Our quarterly revenues increased 34.3% to US$612 million, primarily driven by a robust demand environment and higher capacity. This double-digit revenue growth supported solid profitability levels, with EBITDAR, EBIT, and net income margins of 38.2%, 13.4%, and 5.5%, respectively.

We maintain strong liquidity levels of US$967 million, equivalent to 39.4% of LTM revenues, and a healthy net leverage of 1.5x, allowing us to sustain a robust capital structure and financial position.

With the peak summer season upon us, we are focused on executing our disciplined capacity management as we navigate the P&W engine recall crisis and extreme weather events. We are proud of our team’s unwavering commitment to protecting the business, our Gente Viva, and passengers while delivering results in a challenging environment.”

Total Operating Revenues increased 34.3% to US$612 million for the quarter, reflecting higher unit revenues and disciplined capacity growth. This performance was mainly driven by fare and ancillary revenue growth, with TRASM increasing 19.3% to US₵10.53, coupled with ASMs growth of 12.6%, primarily due to aircraft deliveries and short-term leases (ACMIs).

During the quarter, Viva’s total passengers increased 10.0% to 6.8 million, reflecting higher demand in the domestic and international markets. Ancillary revenues increased 26.8% to US$283 million compared to 2Q 2023, representing 46.3% of total revenues.

Operating Expenses

Total Operating Expenses increased 36.0% to US$530 million. This increase was mainly driven by a higher capacity of 12.6% in ASMs, higher costs related to AOGs, including short-term leases (ACMIs) to maintain capacity, a negative FX impact due to the appreciation of the Mexican peso versus the U.S. Dollar, higher fuel prices, coupled with inflationary pressures. The total operating expenses now reflect a portion of the compensation from Pratt & Whitney GTF engines reliability issues.

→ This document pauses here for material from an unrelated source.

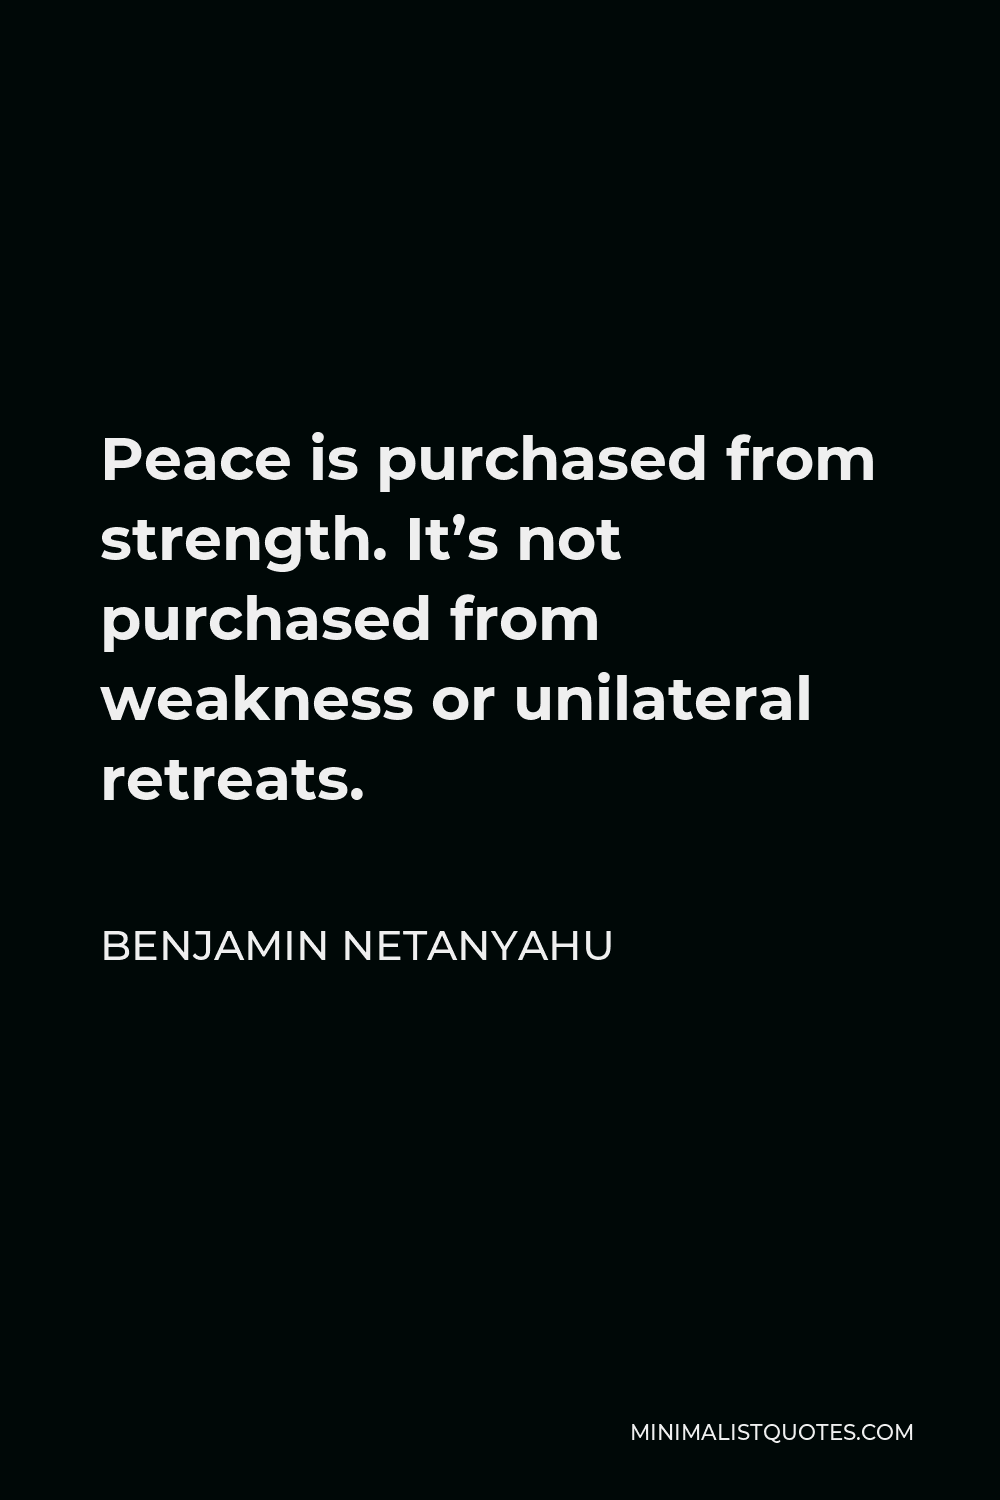 Benjamin Netanyahu Quote - Peace is purchased from strength. It’s not purchased from weakness or unilateral retreats.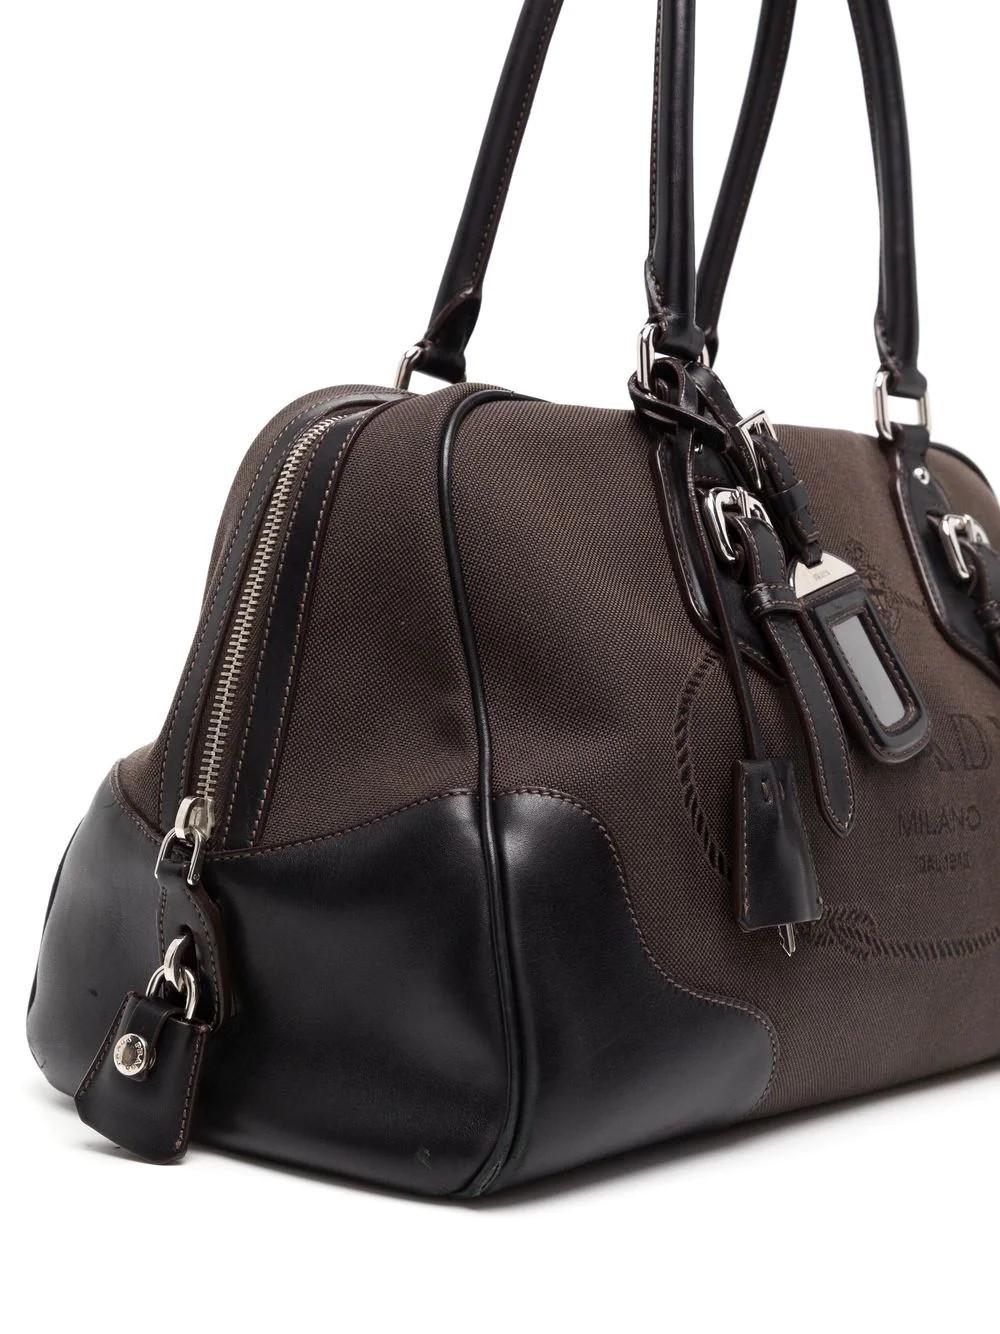 A superb Prada bowling handbag in brown leather and canvas, hardware in silver metal, and double handle in brown leather allowing the bag to be worn in the hand or on the shoulder. This bag also features the signature Prada Milano logo at the

CASM increased 20.8% to US₵9.11 for the quarter, reflecting an increase of 6.2% in CASM fuel to US₵2.99 and an increase of 29.4% in CASM ex-fuel to US₵6.12. The CASM ex-fuel increase was mainly driven by the negative impacts in utilization from AOGs related to the Pratt & Whitney GTF engines reliability issues, short-term leases (ACMIs) costs, the appreciation of the Mexican peso versus the U.S. Dollar, and inflationary pressures. These effects were partially offset by continuous cost optimization initiatives and a portion of the compensation from Pratt & Whitney GTF engines reliability issues.

Operating Profit reached US$82 million, reflecting higher unit revenues. The EBIT margin decreased 1.1 percentage points, from 14.5% to 13.4%.

Net Income reached US$34 million, with a net margin of 5.5%.

Fleet

During 2Q 2024, we added 1 net aircraft (1 Airbus 320ceo), and 11 net aircraft (2 Airbus 320ceo, 1 Airbus 320neo, 1 Airbus 321ceo, and 7 Airbus 321neo) compared to June 2023.

Our fleet ended 2Q 2024 with an average age of 5.9 years. Viva’s fleet was recognized, once again, as the youngest in Mexico and the fifth youngest in North America by ch-aviation’s Youngest Aircraft Fleet Award 2024.

During 2Q 2024, we had an average of 23.4 A320neo aircraft on ground related to the Pratt & Whitney GTF engines reliability issues. To mitigate the impacts of the P&W engine recall on our network, we are extending leases, taking contracted new deliveries, and sourcing short- and medium-term capacity.

Hedging

As of June 30, 2024, Viva has jet fuel and FX hedging to mitigate volatility and price shifts. We hedged 10.7% of our expected jet fuel for 2024 and, as for FX, our hedging is equivalent to 65.9% of our projected exposure for 2024.